There isn't a technical reason why this function cannot handle a dirty
buffer, but it seems like a mistake in data handling to dirty a buffer
and /then/ decide it's garbage.  That's what the lengthy assertion below
is about...

> > + * be marked stale, but b_error will not be set.  The caller is responsible for
> > + * releasing the buffer or fixing it.
> > + */
> > +void
> > +__xfs_buf_mark_corrupt(
> > +	struct xfs_buf		*bp,
> > +	xfs_failaddr_t		fa)
> > +{
> > +	ASSERT(bp->b_log_item == NULL ||
> > +	       !(bp->b_log_item->bli_flags & XFS_BLI_DIRTY));
> 
> XFS_BLI_DIRTY isn't a complete definition of a dirty buffer.

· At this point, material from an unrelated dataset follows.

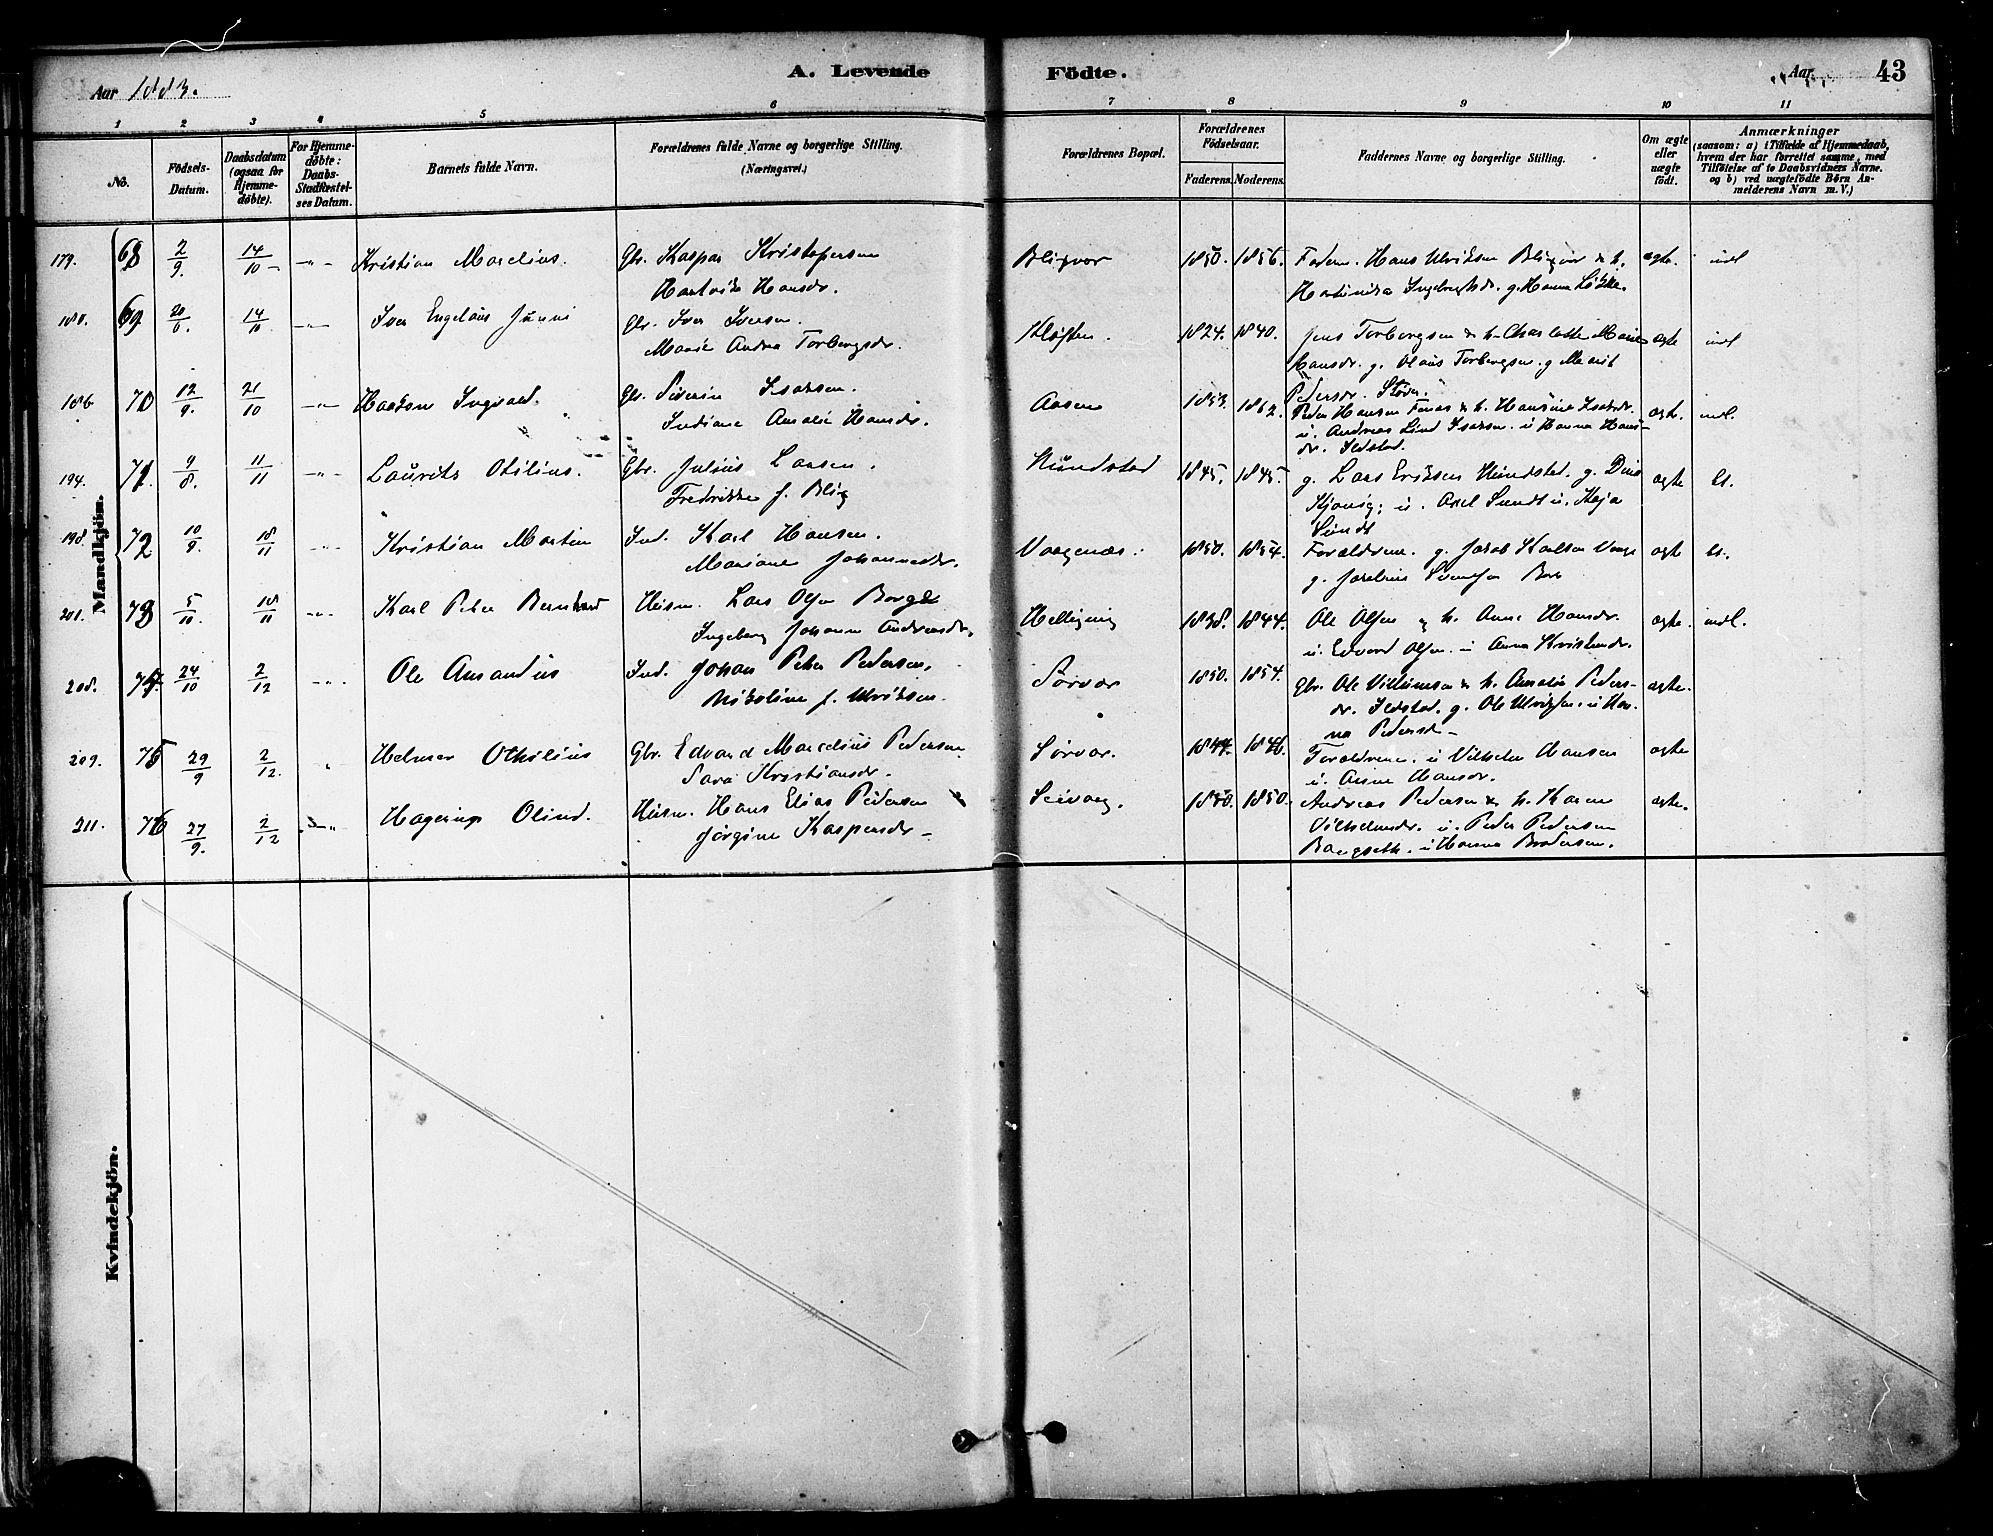 SAT, Ministerialprotokoller, klokkerbøker og fødselsregistre - Nordland, 802/L0054: Parish register (official) no. 802A01, 1879-1893, p. 43

What it
> means is "modifications to this buffer are not yet
> committed to the journal". It may have been linked into a
> transaction but not modified, but it can still be XFS_BLI_DIRTY
> because it is in the CIL. IOWs, transactions can cancel safely
> aborted even when the items in it are dirty as long as the
> transaction itself is clean and made no modifications to the object.
> 
> Hence I'm not sure what you are trying to protect against here?

...ah, ok, I'll just get rid of the assertion entirely then.

--D

> 
> The rest of the code looks fine.
> 
> Cheers,
> 
> Dave,
> -- 
> Dave Chinner
> david@xxxxxxxxxxxxx